■ **PROMPT**
Give the data again exactly, without its images.

■ **DATA BELOW**
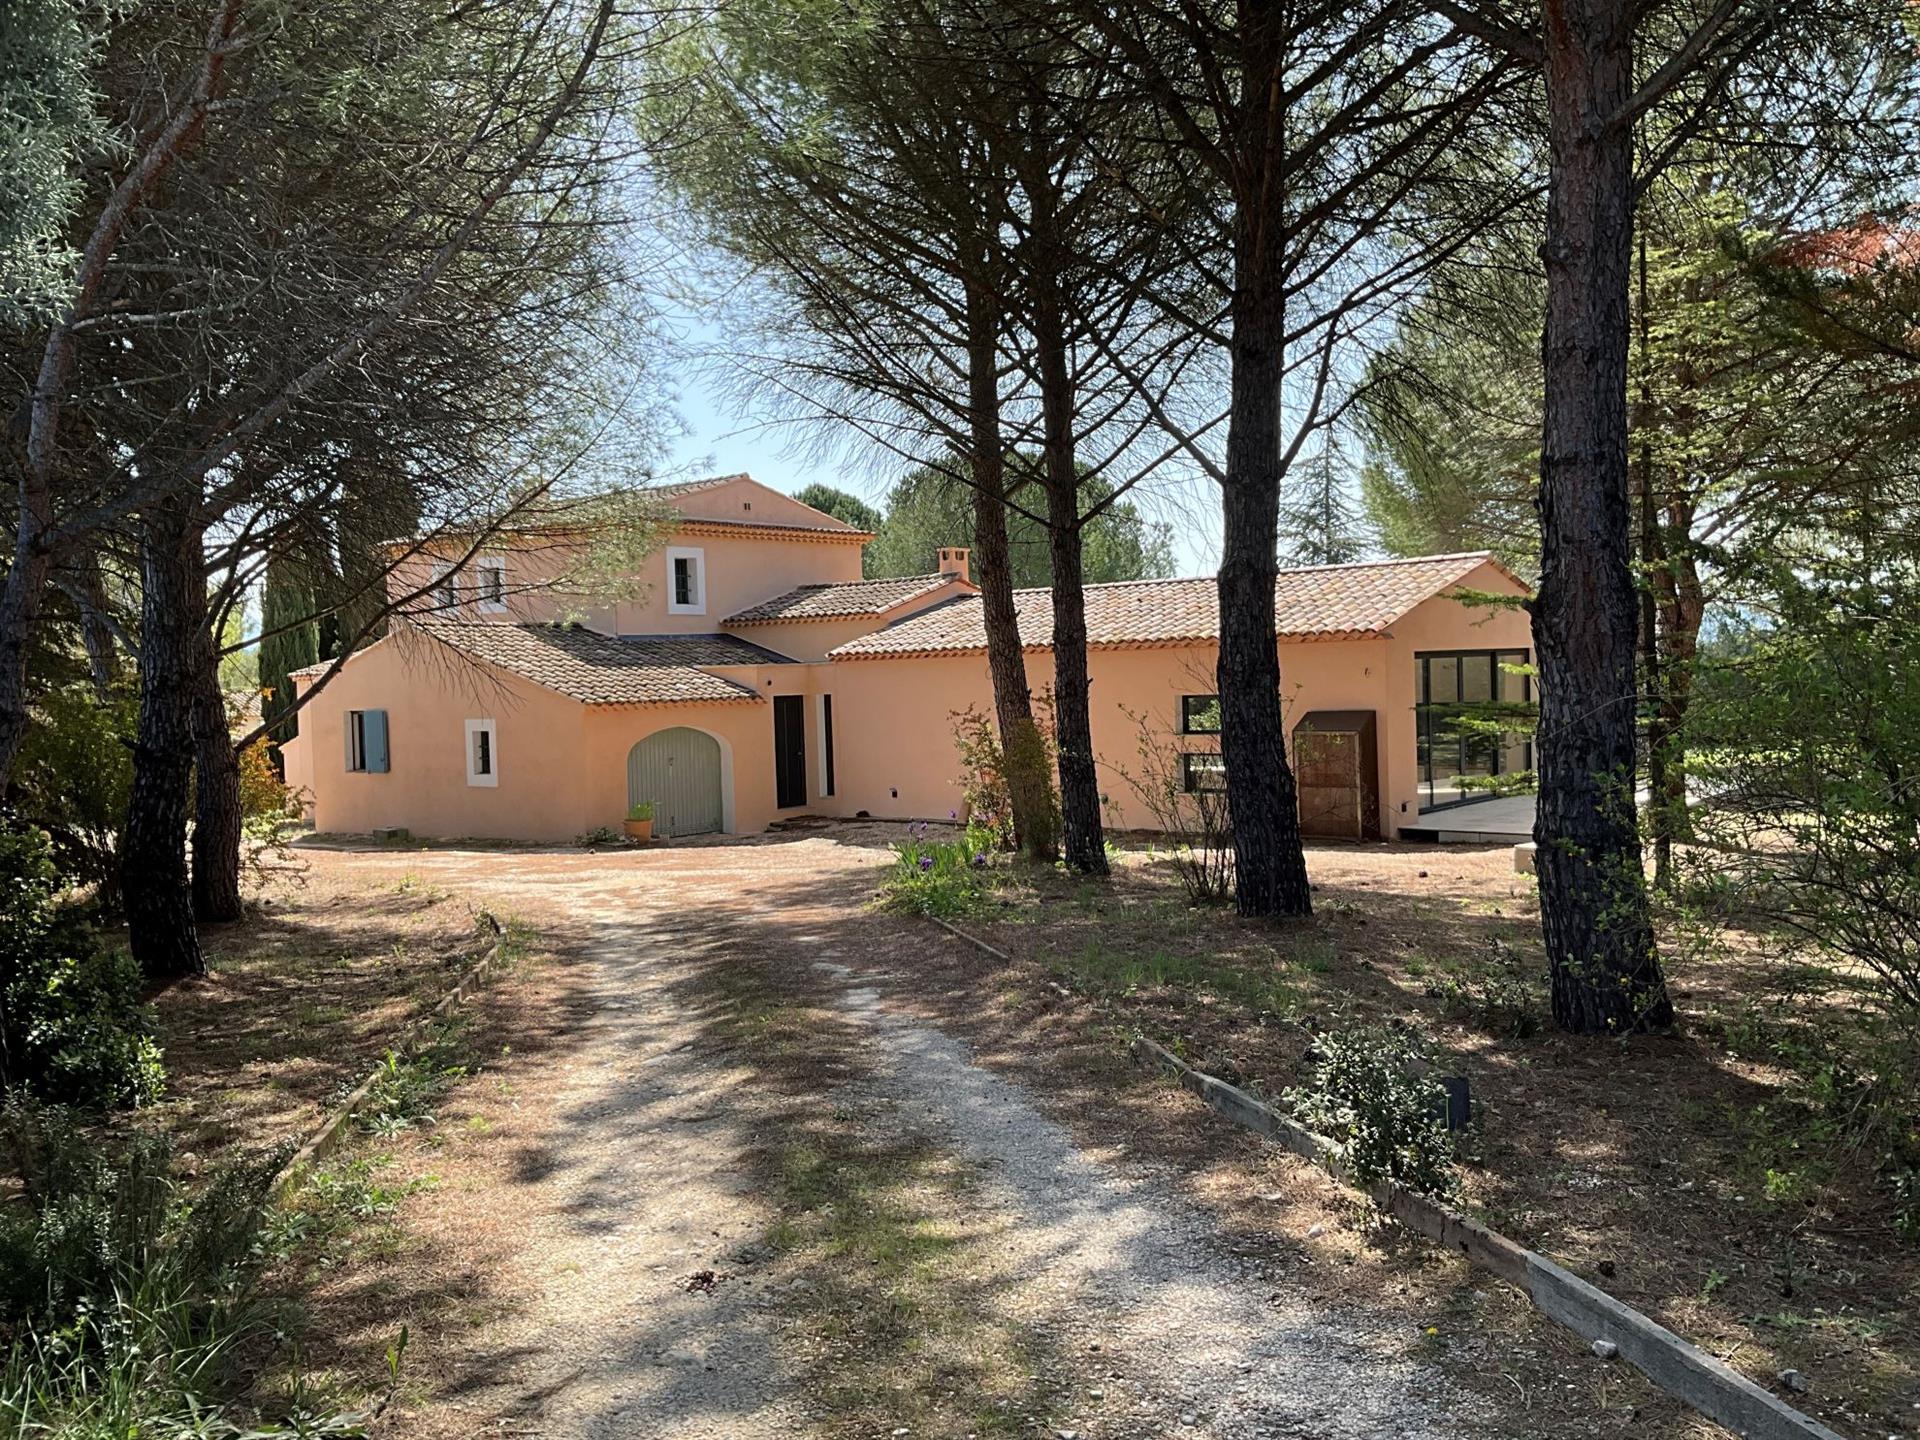 Modern house for sale in Roussillon with a very nice living room and a planted garden
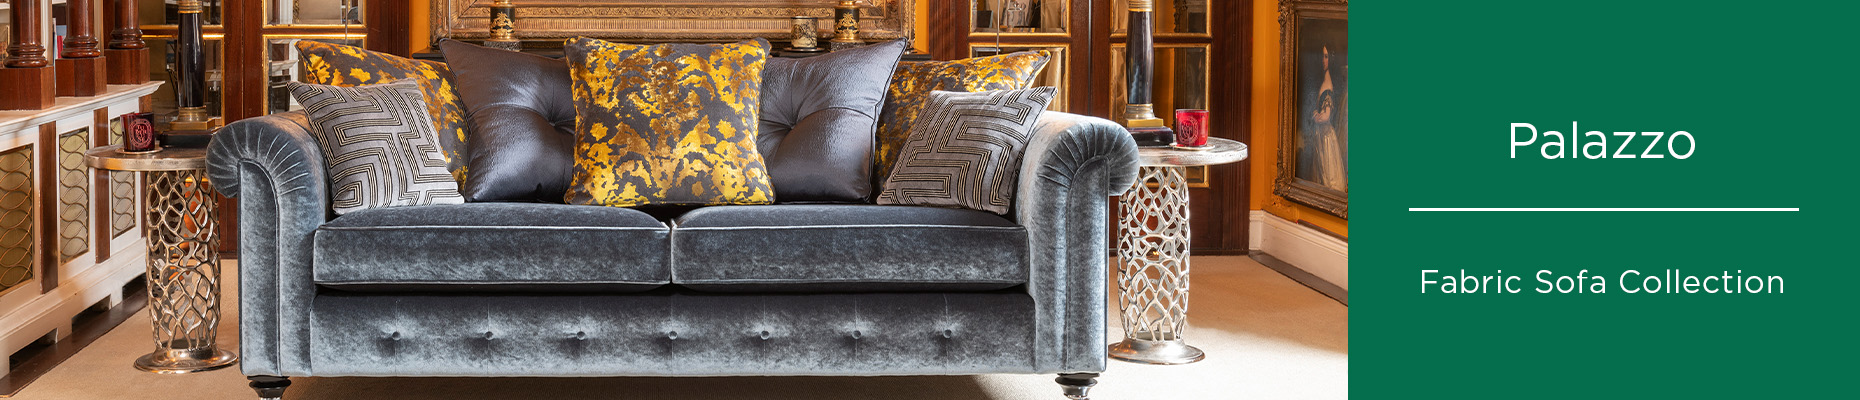 Palazzo sofa collection at Forrest Furnishing
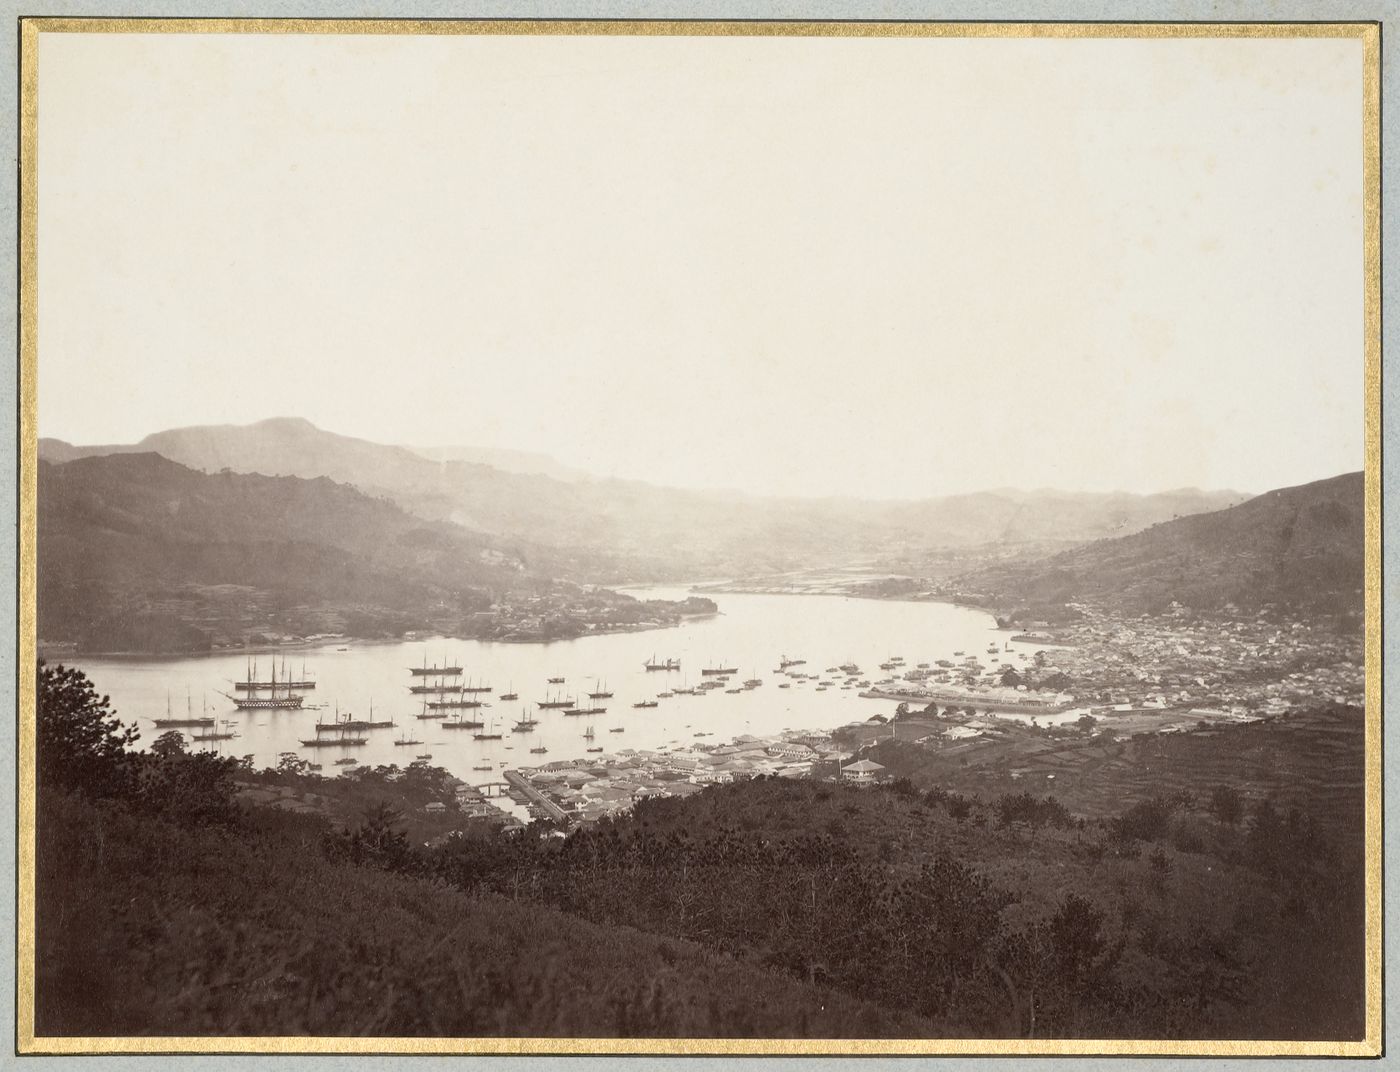 Panoramic view of the harbour and city, showing the foreign settlements of Oura-machi and Deshima, Nagasaki, Japan

■ **TASK ANSWER**
 Modern house for sale in Roussillon with a very nice living room and a planted garden
 Palazzo sofa collection at Forrest Furnishing
 Panoramic view of the harbour and city, showing the foreign settlements of Oura-machi and Deshima, Nagasaki, Japan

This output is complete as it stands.